## DATA EXCERPT
[Start of section]

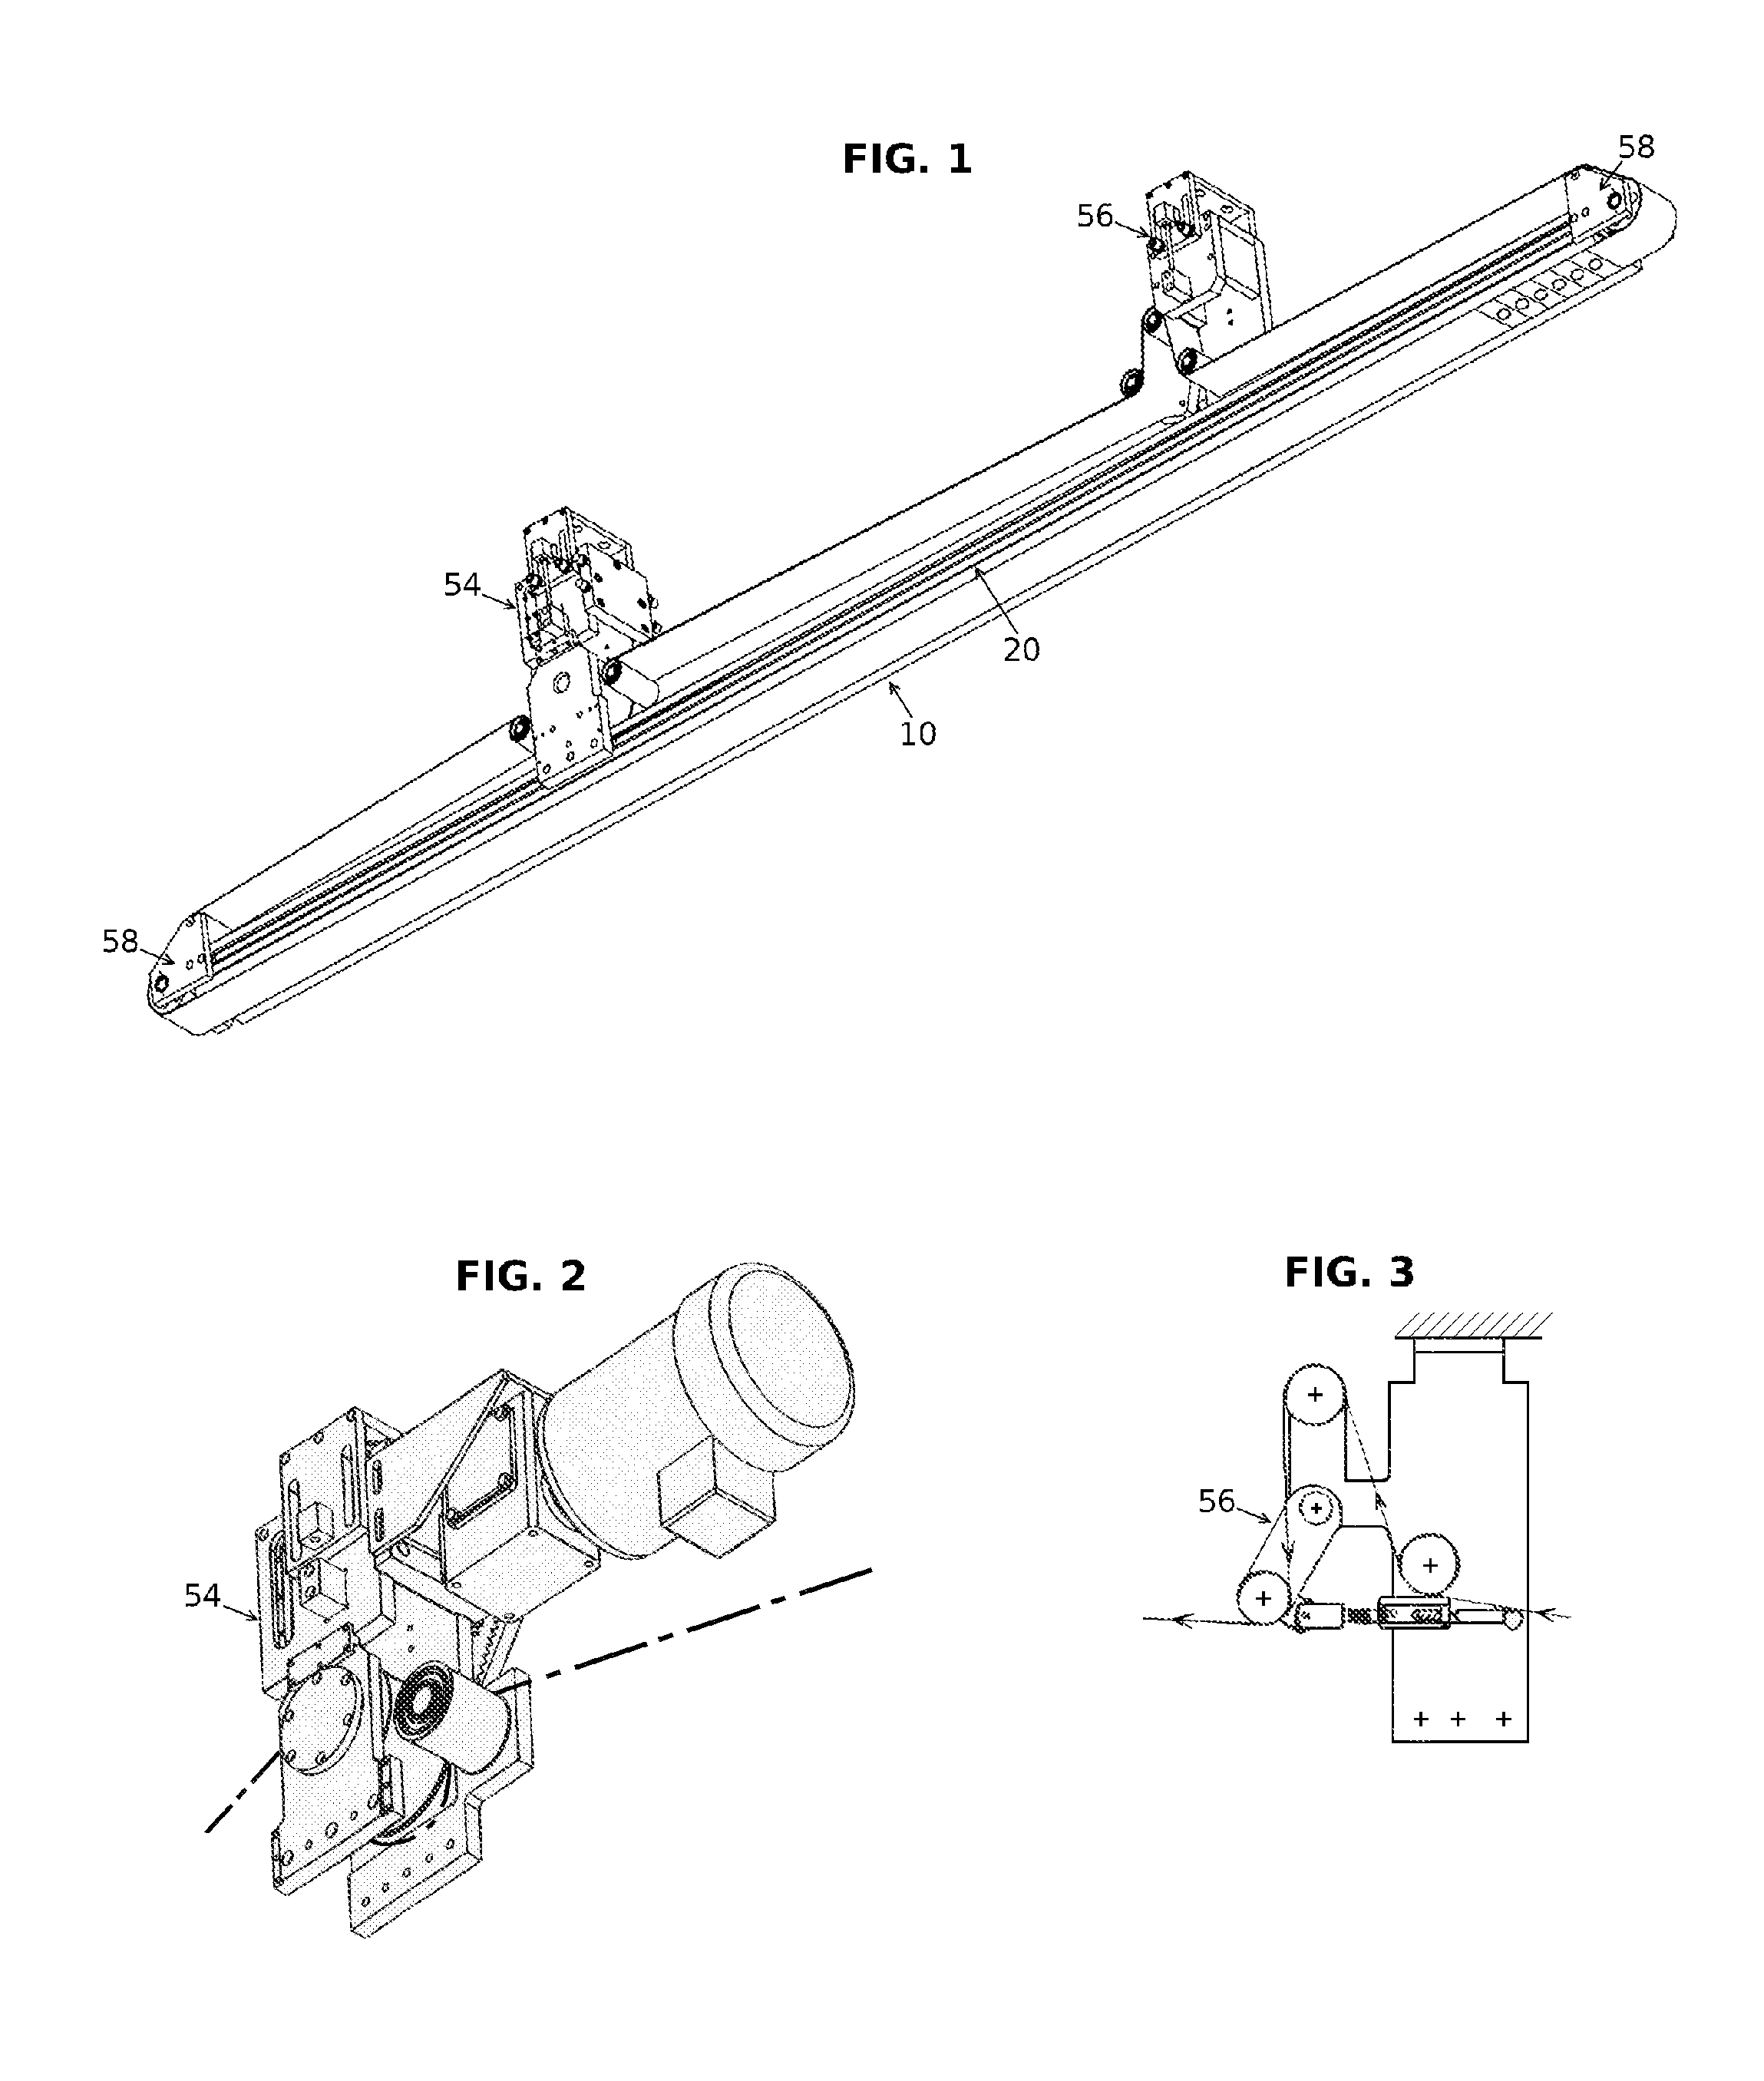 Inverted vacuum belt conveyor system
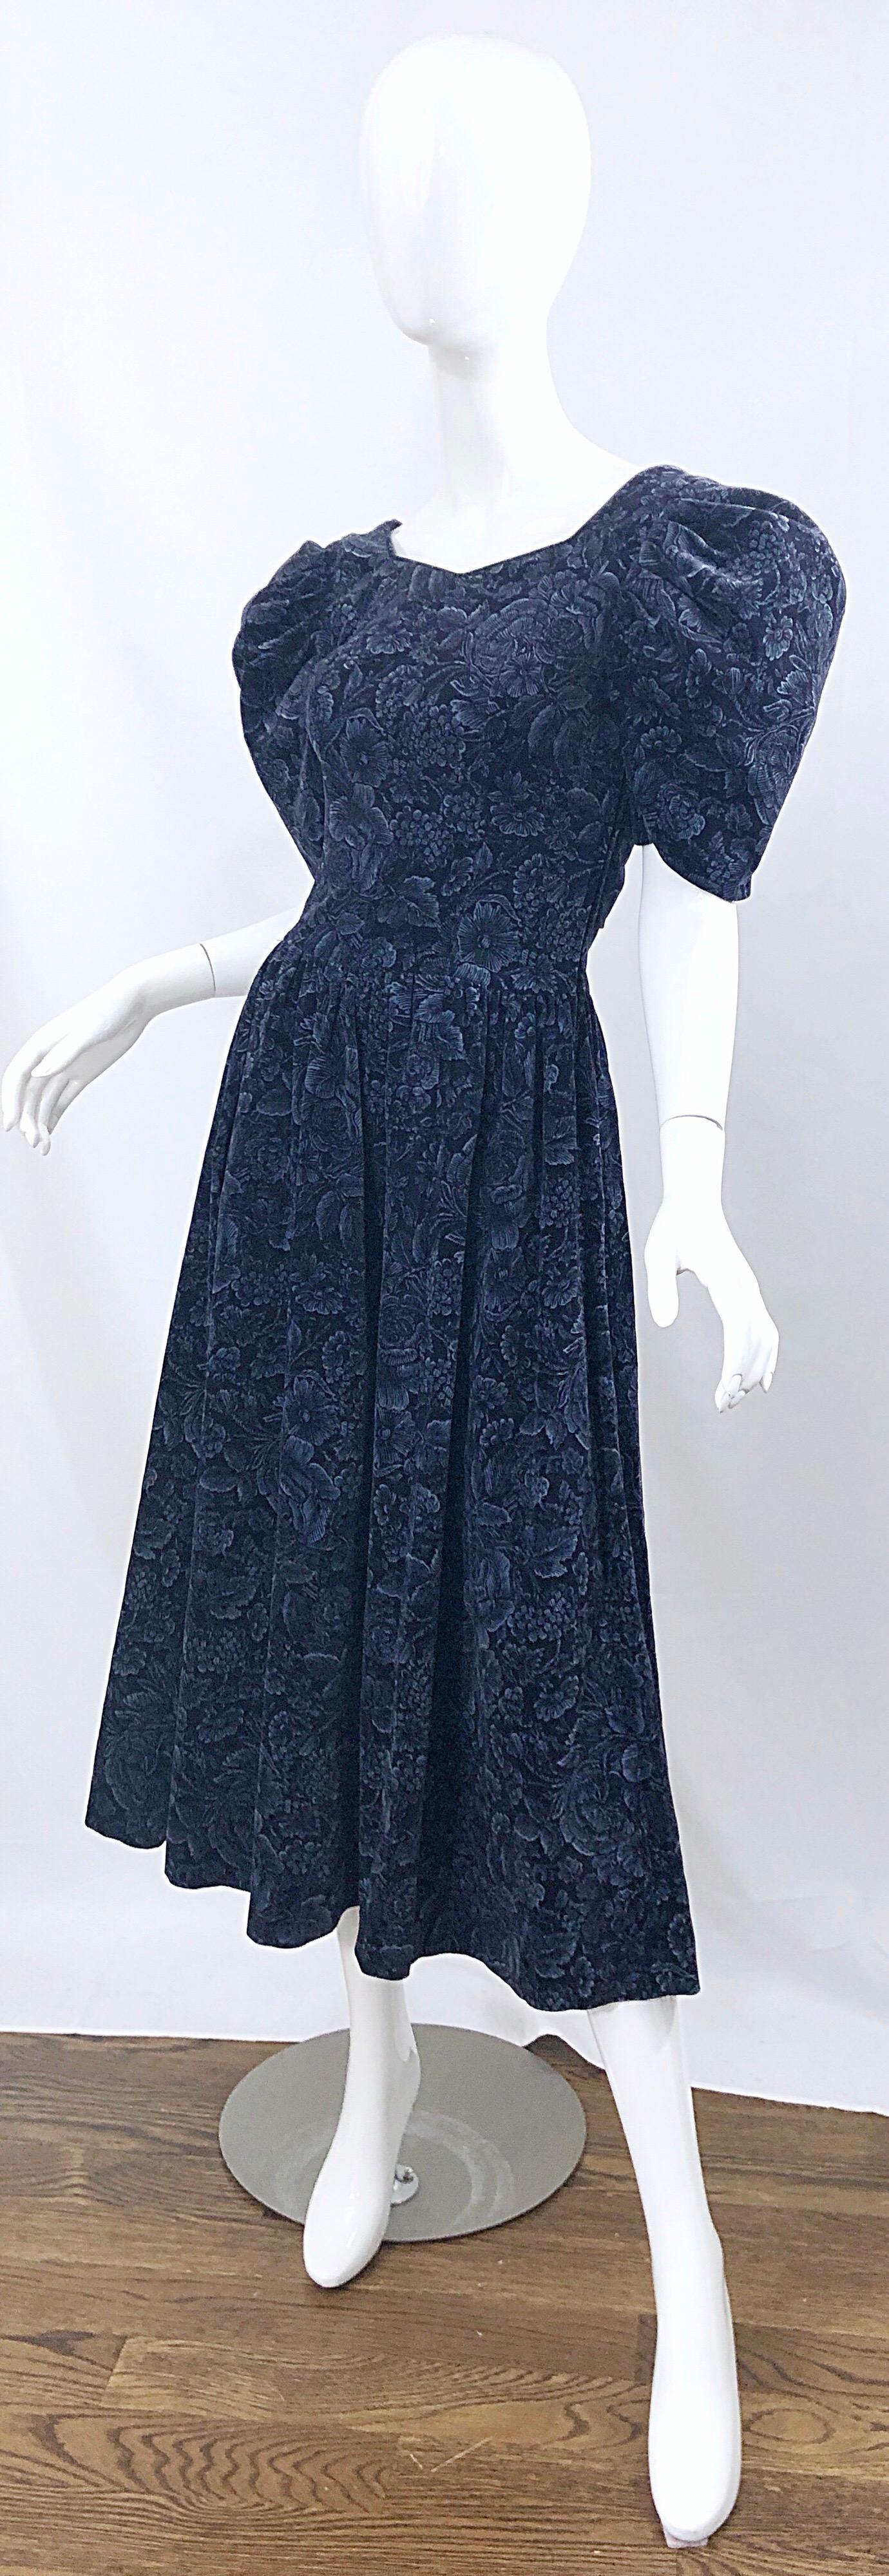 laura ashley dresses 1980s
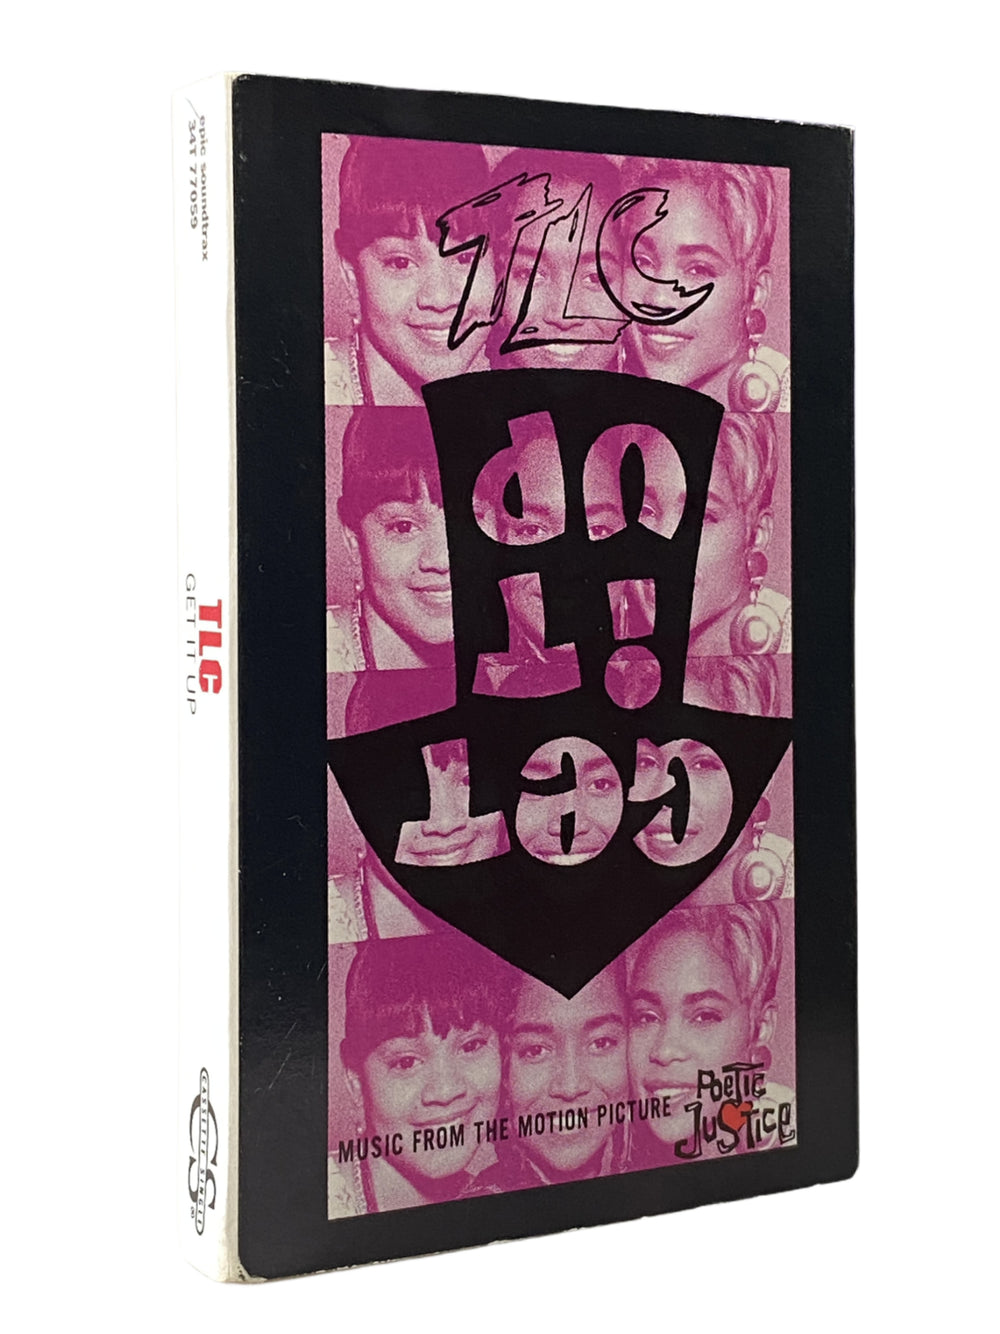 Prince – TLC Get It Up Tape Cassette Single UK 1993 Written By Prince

[End of section]

## EXERCISE
From the first line to the last, retype the data exactly, without images.

## EXERCISE RESPONSE
 Inverted vacuum belt conveyor system
 laura ashley dresses 1980s
 Prince – TLC Get It Up Tape Cassette Single UK 1993 Written By Prince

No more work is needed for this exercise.